Ein weiterer Grund für das Verwenden unfreier Software liegt zu einem Teil in der Firmenhistorie, zum anderen Teil schlicht am Fehlen geeigneter Programme unter Linux. So kommt im Unternehmen als Platinenlayoutprogramm seit etwa 10 Jahren das Programm Protel [10] zum Einsatz, der Vorgänger von Altium [11]. Der Wechsel zu einem anderen Programm würde einerseits den vielfach bewährten Workflow über den Haufen werfen. Zum anderen stehen derzeit schlicht keine freien Alternativen zur Verfügung, die den Ansprüchen genügen.

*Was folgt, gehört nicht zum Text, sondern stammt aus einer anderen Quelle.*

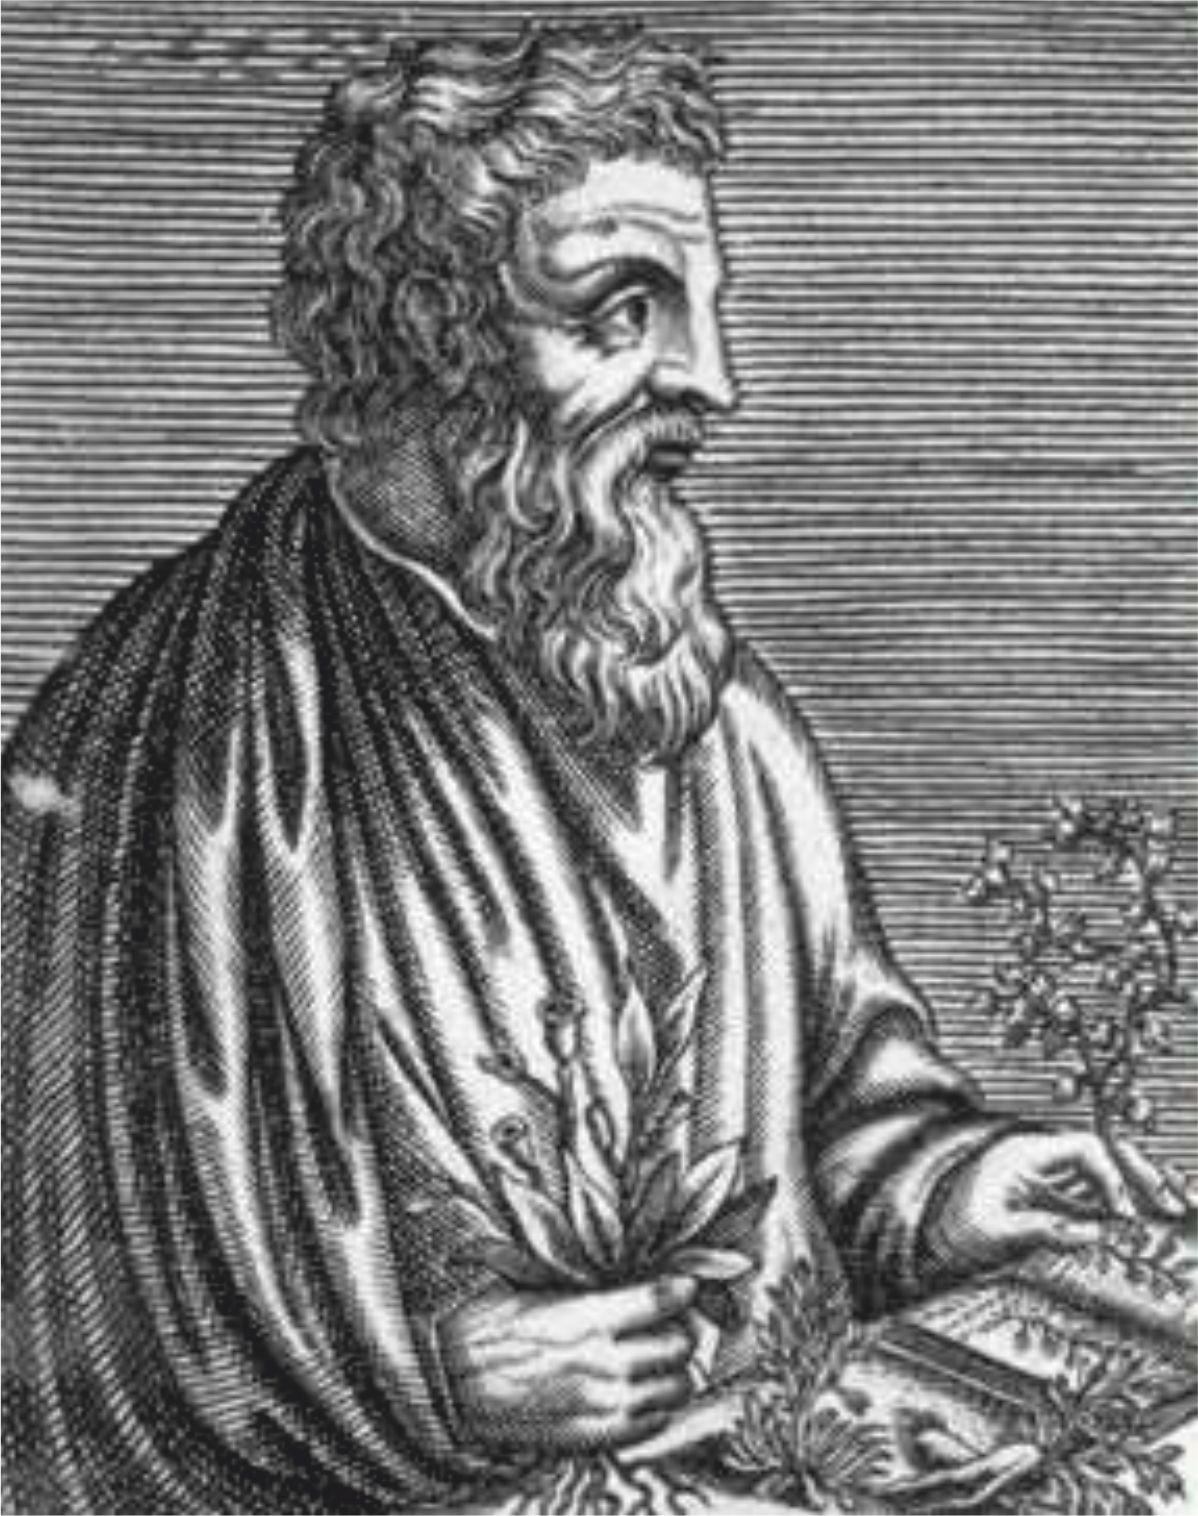 Dioscorides Pedanius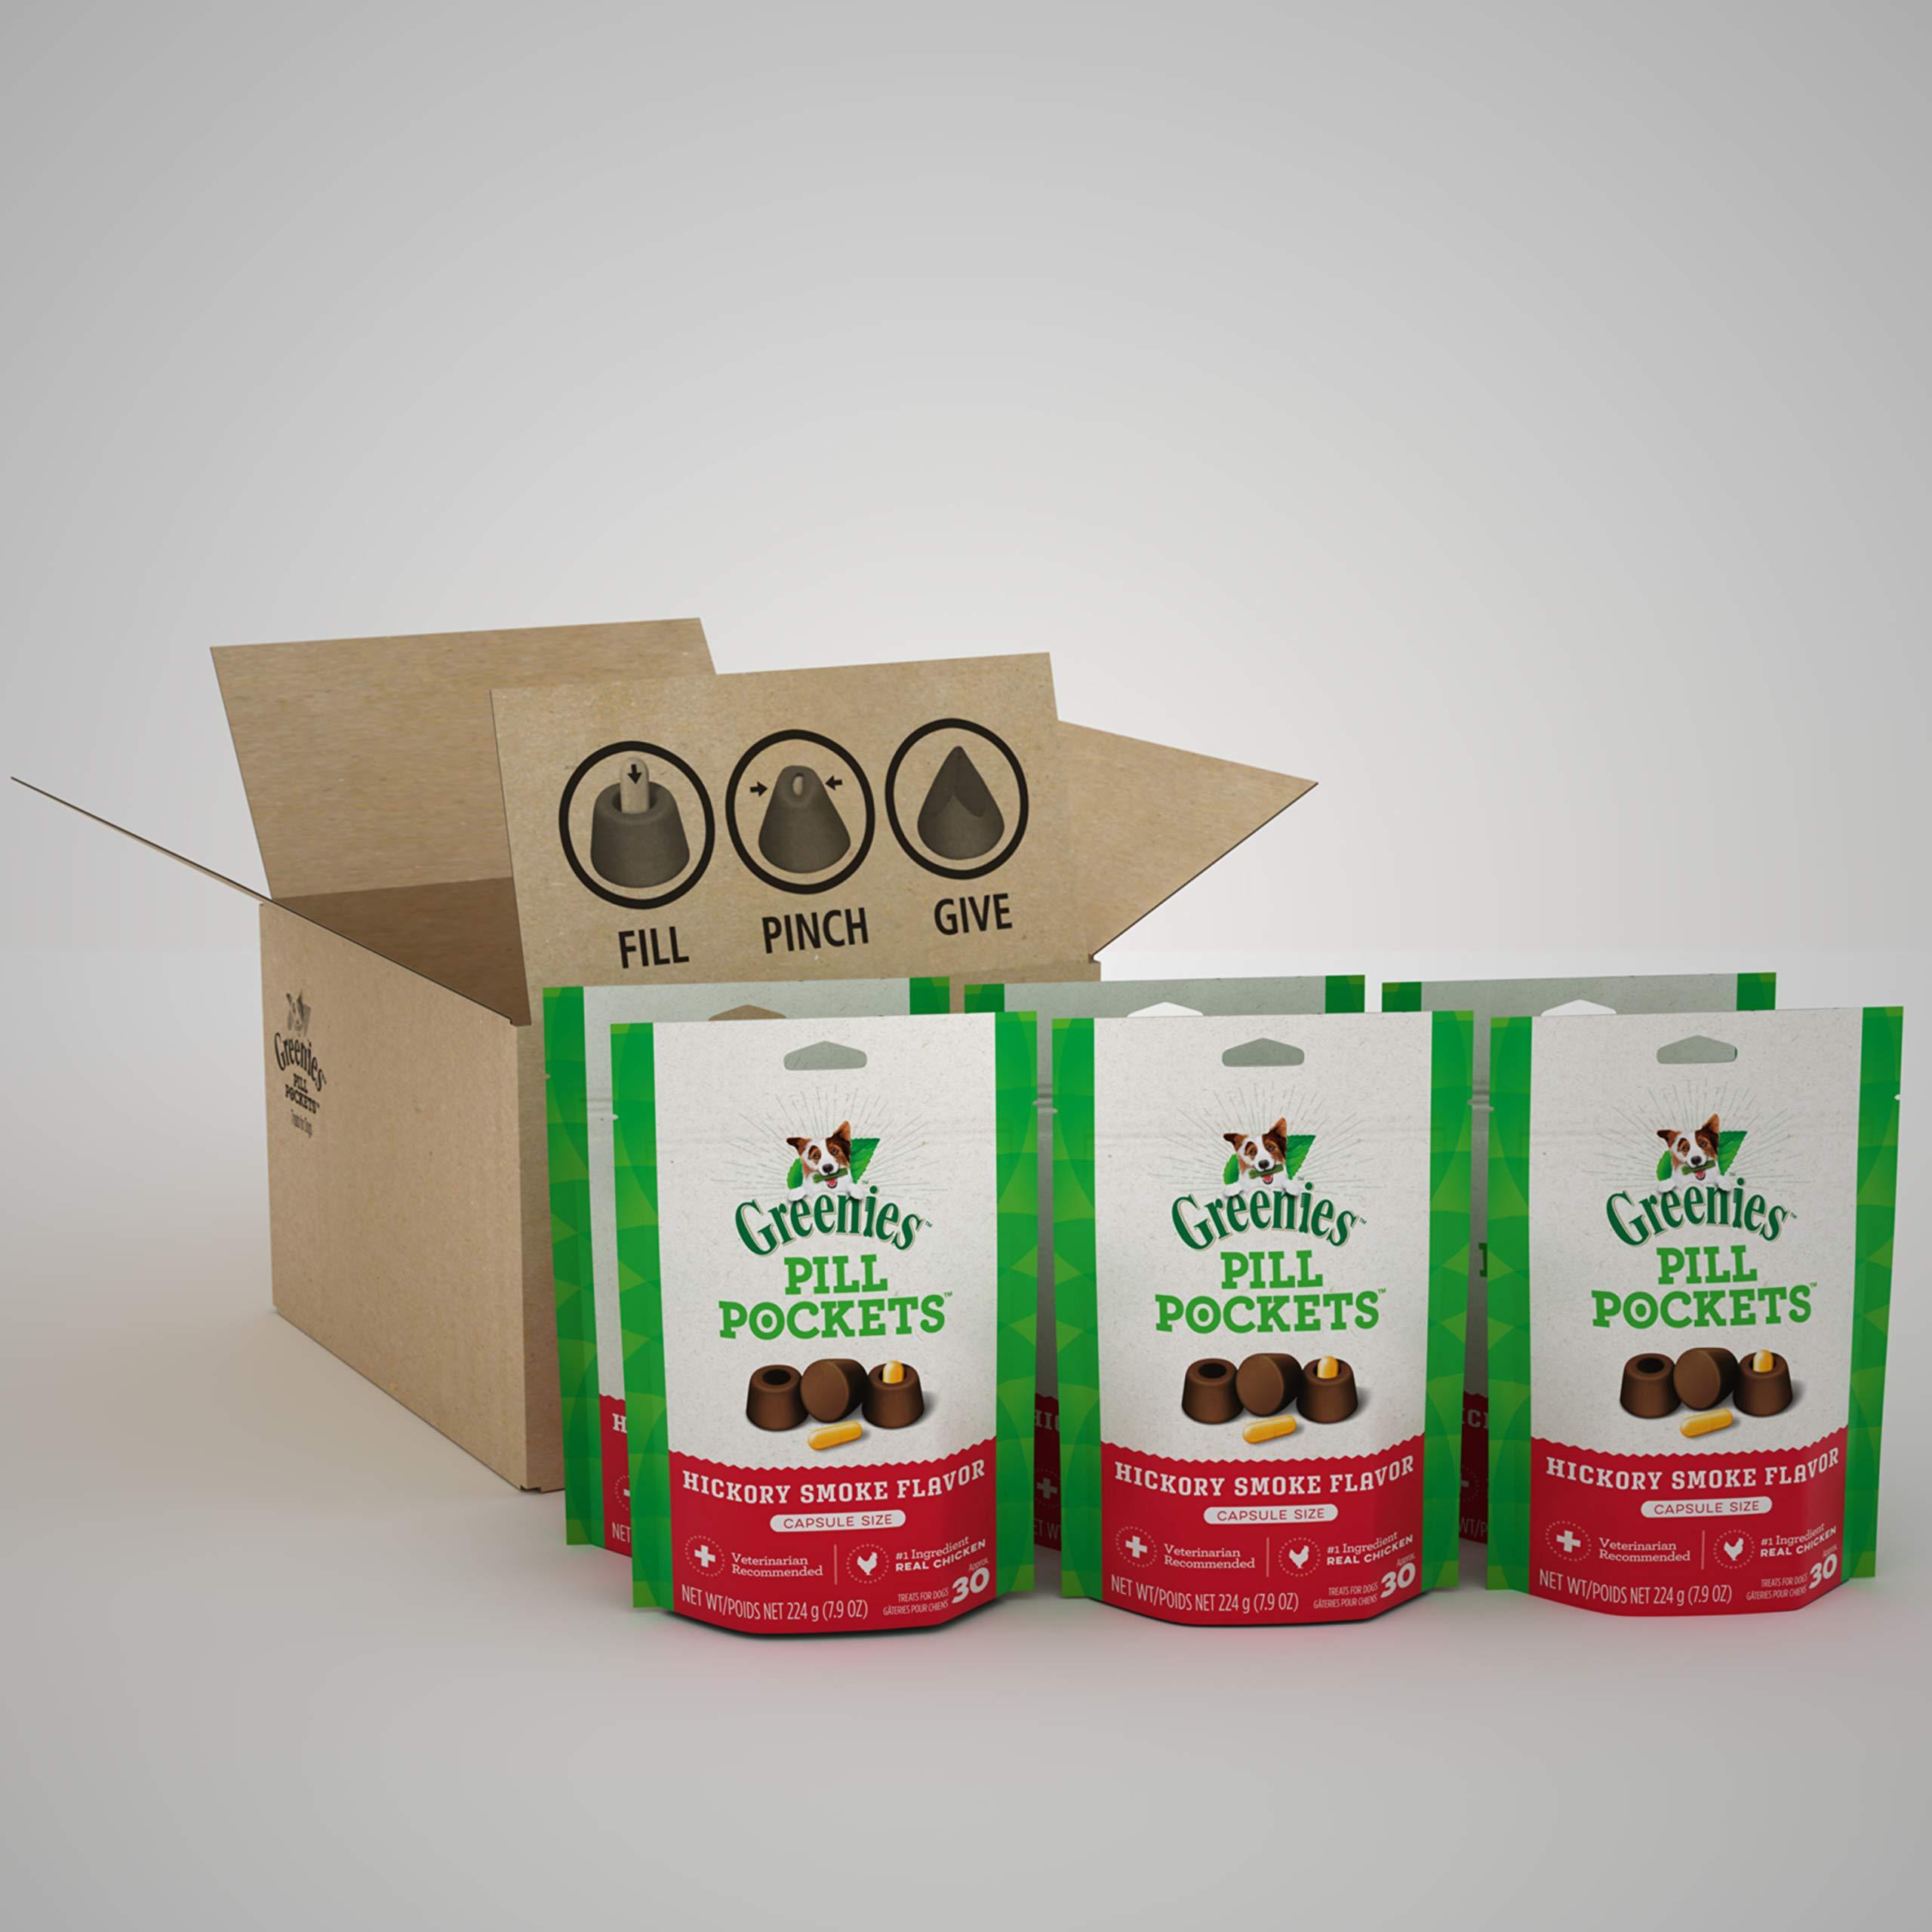 GREENIES PILL POCKETS Capsule Size Natural Dog Treats with Hickory Smoke Flavor, (6) 7.9 oz. Packs (180 Treats)

Zur eigentlichen Steuerung von Raumfahrzeugen und technischen Geräten kommen ausschließlich speziell entwickelte und angepasste Systeme zum Einsatz, die unabhängig von gängigen Betriebssystemen entstanden.

Fazit

Linux ist auch bei von Hoerner & Sulger nicht das Allheilmittel. Das freie Betriebssystem bietet jedoch viele Ansätze, die es der Firma erlauben, ihren Workflow deutlich effizienter zu gestalten, als das mit Windows möglich wäre. Darüber hinaus erfüllen Linux und Open Source gerade in den Punkten Nachhaltigkeit und Flexibilität einige der Grundanforderungen an die Weltraumforschung, da die Projekte meist über mehrere Jahre laufen. 

Glossar

FPGA

Steht für Field Programmable Gate Array. Dabei handelt es sich um programmierbare Logikbausteine. Sie zeichnet aus, dass sie durch die Konfiguration interner Strukturen in der Lage sind, beinahe beliebige digitale Schaltungen abzubilden.

RH

Radiation Hard. Der Hersteller der FPGAs garantiert eine Strahlenfestigkeit, die für den Einsatz im Weltraum ausreicht.